[Excerpted data]:
┌────────

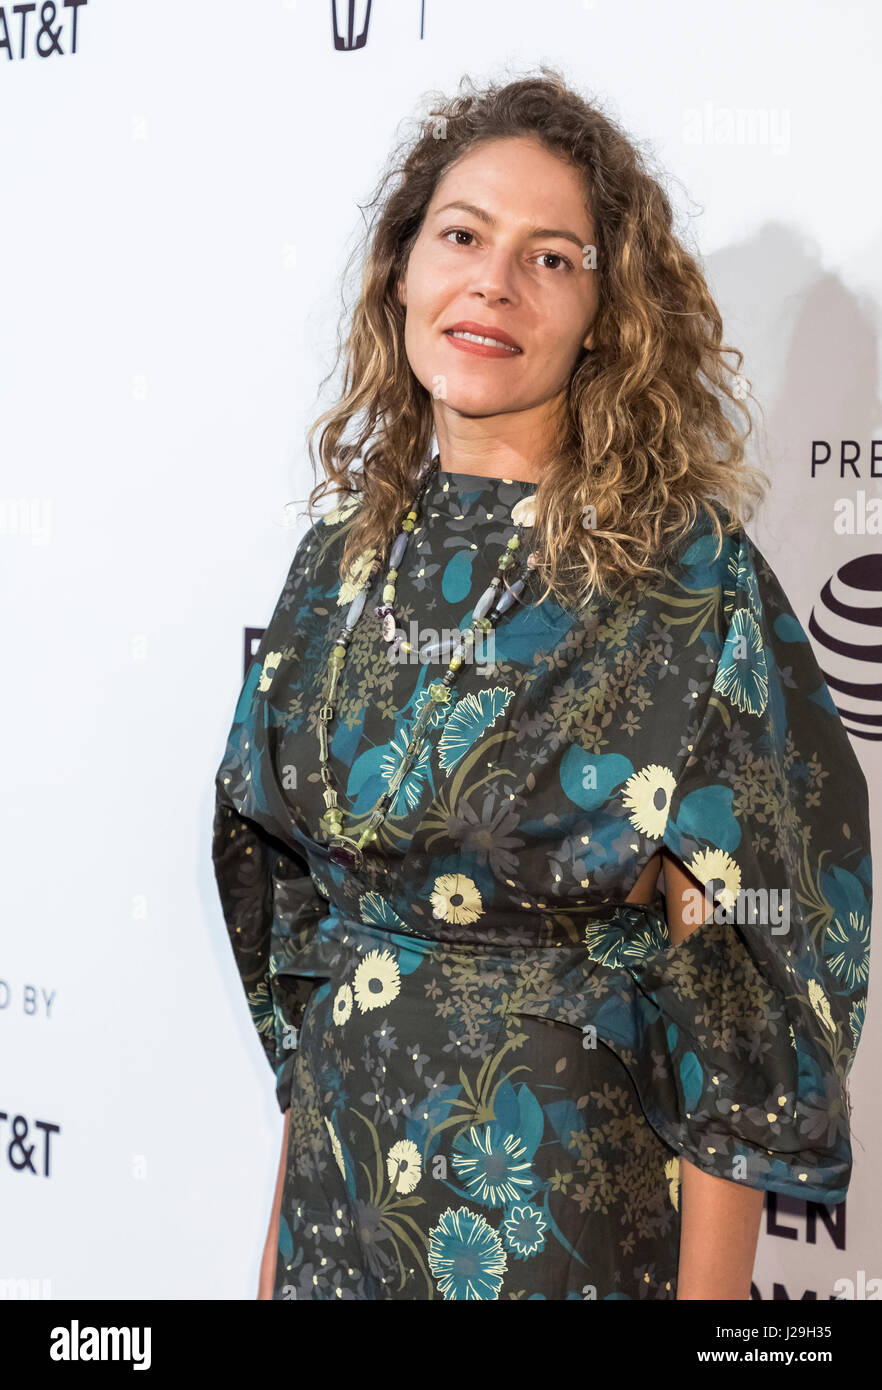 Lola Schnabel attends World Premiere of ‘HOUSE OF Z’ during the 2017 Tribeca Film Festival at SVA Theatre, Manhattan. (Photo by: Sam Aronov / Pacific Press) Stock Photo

└────────
┌────────

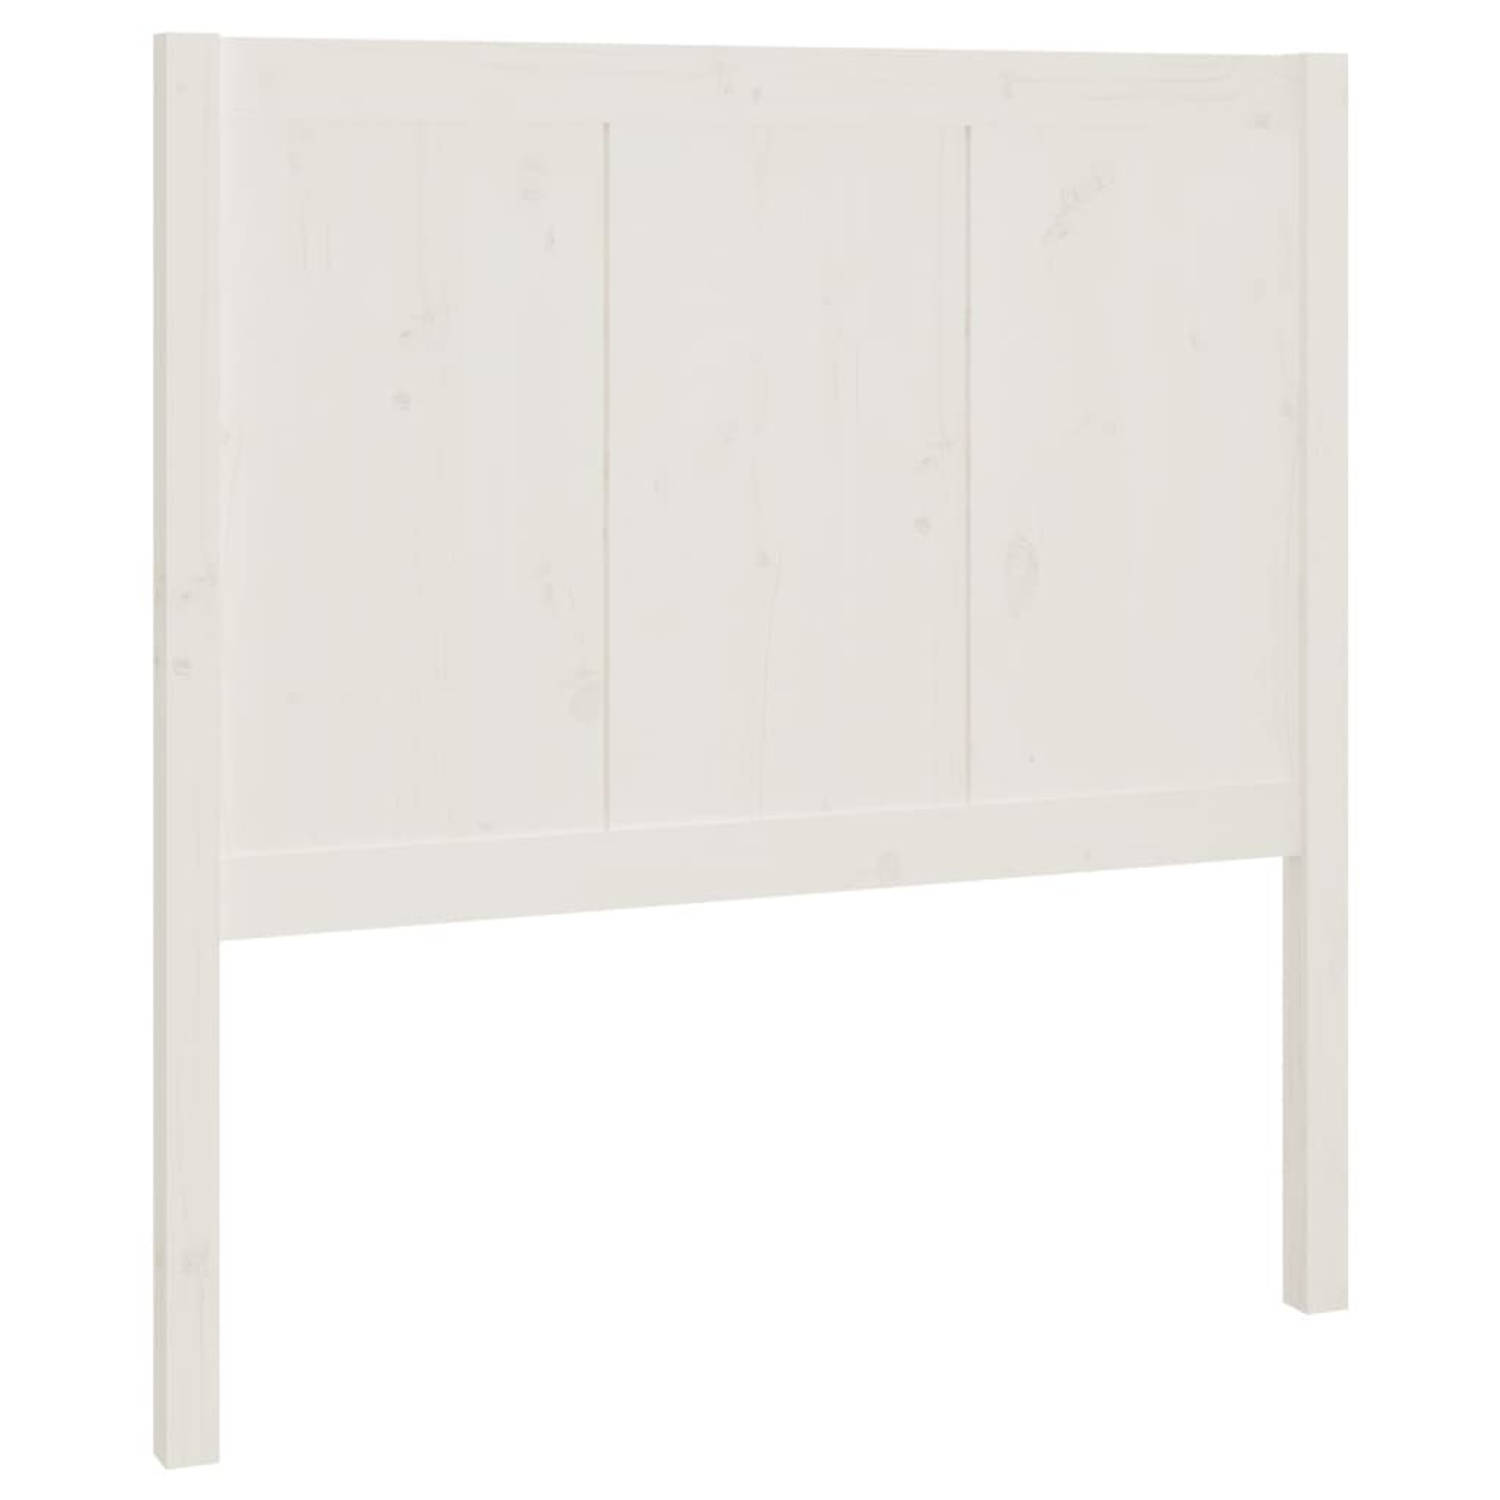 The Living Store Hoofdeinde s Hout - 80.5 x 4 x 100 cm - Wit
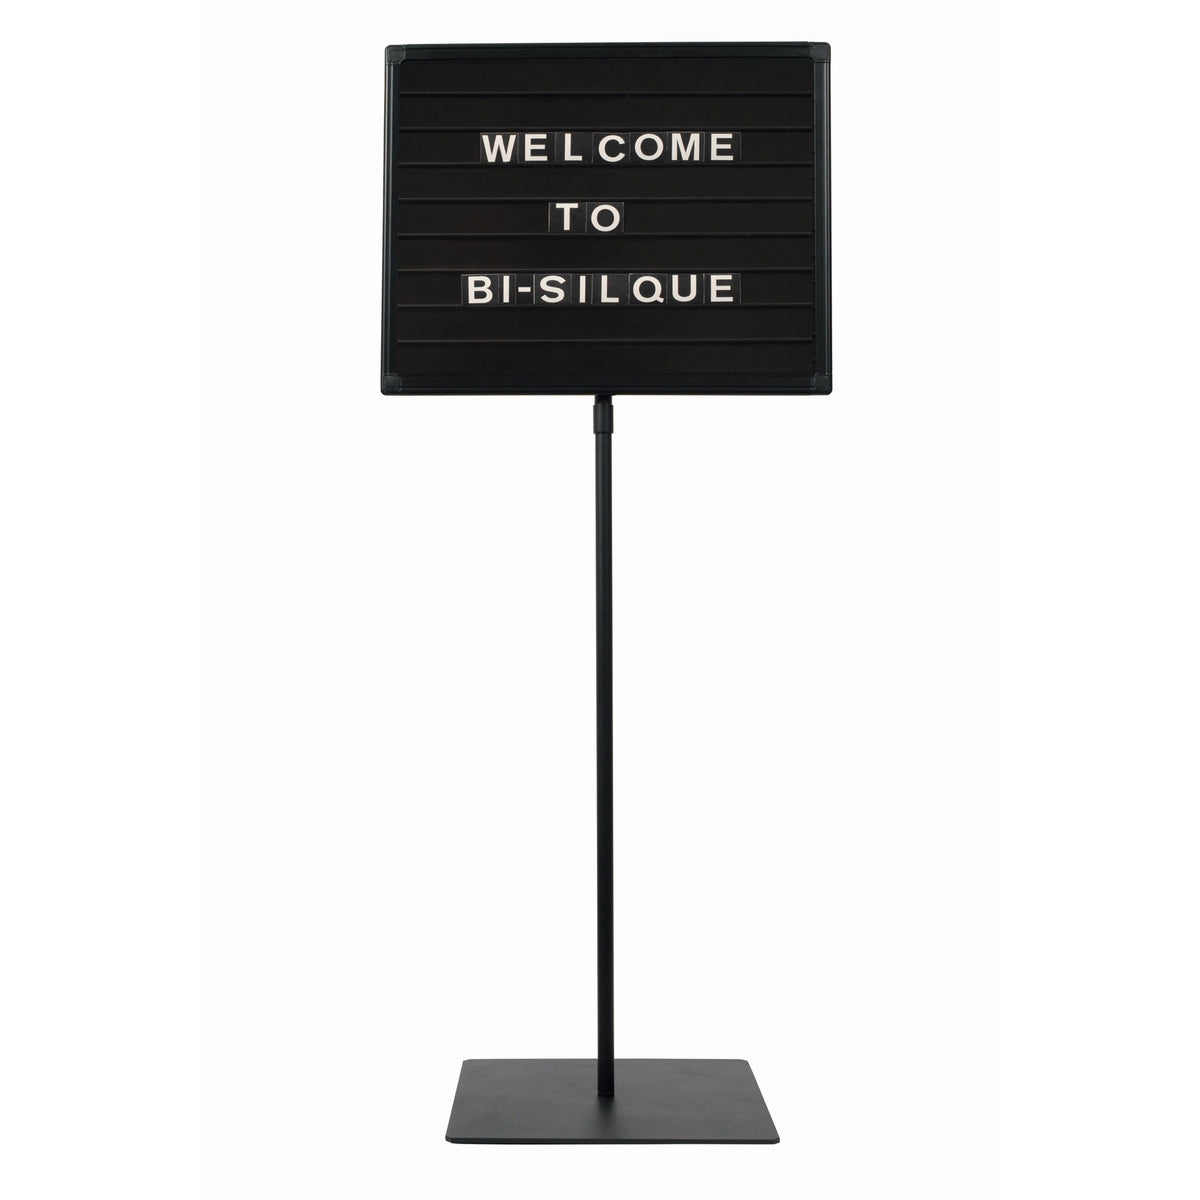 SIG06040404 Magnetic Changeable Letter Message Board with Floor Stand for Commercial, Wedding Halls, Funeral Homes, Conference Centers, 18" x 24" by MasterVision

└────────

[Problem statement]: Using the data above, output the line that has "The Living Store", the line that has "SIG06040404 Magnetic Changeable", and whatever lines fall between, each exactly as it stands and without pictures.

[Output below]:
 The Living Store Hoofdeinde s Hout - 80.5 x 4 x 100 cm - Wit
 SIG06040404 Magnetic Changeable Letter Message Board with Floor Stand for Commercial, Wedding Halls, Funeral Homes, Conference Centers, 18" x 24" by MasterVision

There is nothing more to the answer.